We may have an instinct for survival, but it clearly doesn't always kick in the way it should. A guy who provides survival training for pilots told me once that the number one determining factor for survival is simply whether people hold it together in a crisis or fall apart. And, he said, it's impossible to predict ahead of time who's going to hold it together, and who's going to fall apart.
So what is the responsibility of those who hold it together? I remember reading the account of one woman who was in an airliner that crashed on landing. People were frozen or screaming, but nobody was moving toward the emergency exits, even as smoke began to fill the cabin. After realizing that the people around her were too paralyzed to react, she took direct action, crawling over several rows of people to get to the exit. She got out of the plane and survived. Very few others in the plane, which was soon consumed by smoke and fire, did. And afterward, I remember she said she battled a lot of guilt for saving herself instead of trying to save the others.
Could she really have saved the others? Probably not, and certainly not from the back of the plane. Just like the Hiroshima survivors, if she'd tried, she probably would have perished with them. So why do survivors berate themselves for not adding to the loss by attempting the impossible? Perhaps it's because we get very mixed messages about survival ethics.
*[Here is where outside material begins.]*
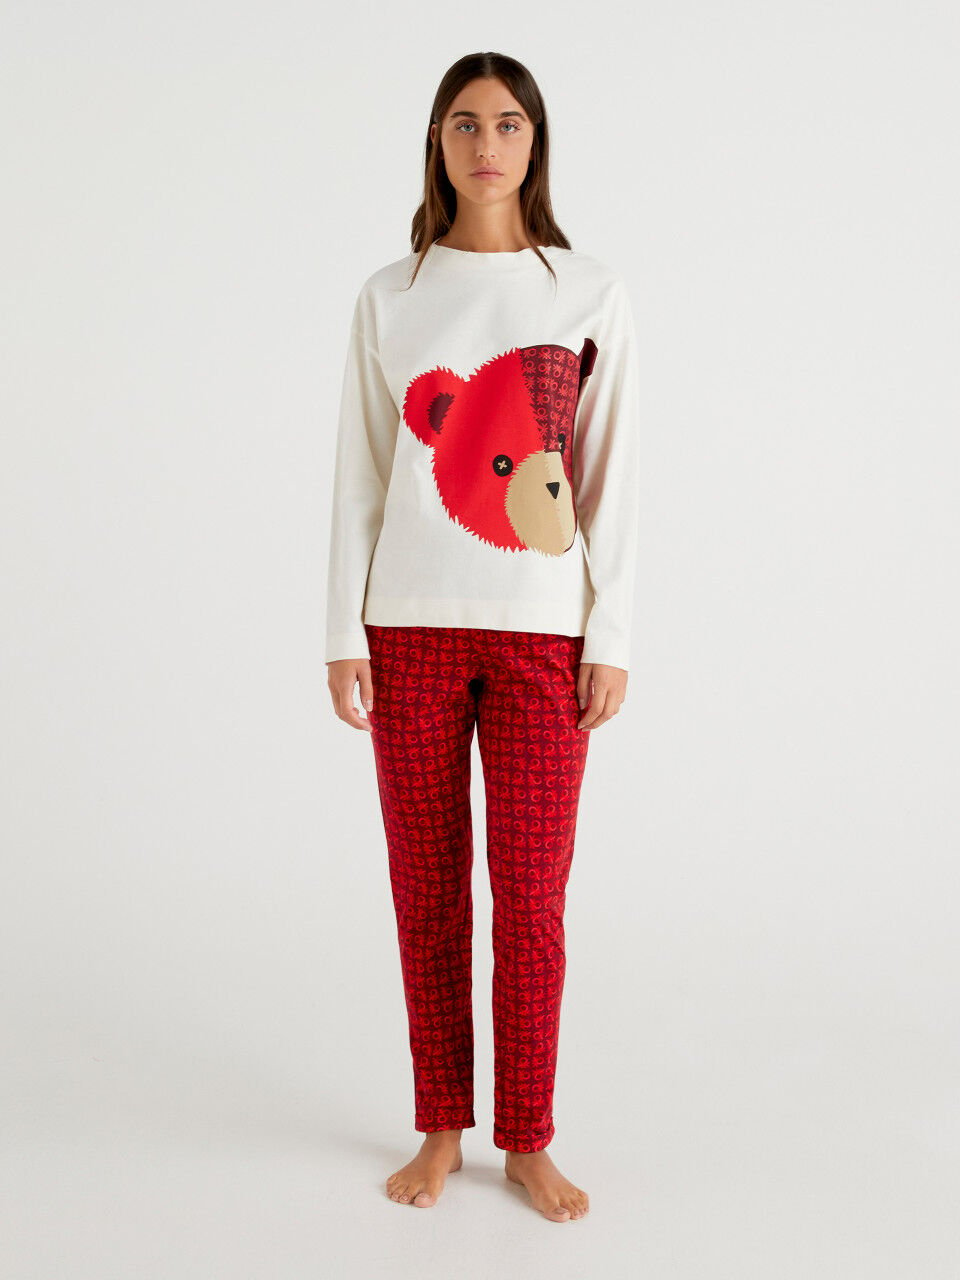 Warm pyjamas with teddy bear print

On the one hand, we're told to put our own oxygen masks on first, and not to jump in the water with a drowning victim. But then the people who ignore those edicts and survive to tell the tale are lauded as heroes. And people who do the "smart" thing are sometimes criticized quite heavily after the fact.
In a famous mountain-climbing accident chronicled in the book and documentary Touching the Void, climber Simon Yates was attempting to rope his already-injured friend Joe Simpson down a mountain in bad weather when the belay went awry. Simpson ended up hanging off a cliff, unable to climb up, and Yates, unable to lift him up and losing his own grip on the mountain, ended up cutting the rope to Simpson to save himself. Miraculously, Simpson survived the 100 foot fall and eventually made his way down the mountain. But Yates was criticized by some for his survival decision, even though the alternative would have almost certainly led to both of their deaths.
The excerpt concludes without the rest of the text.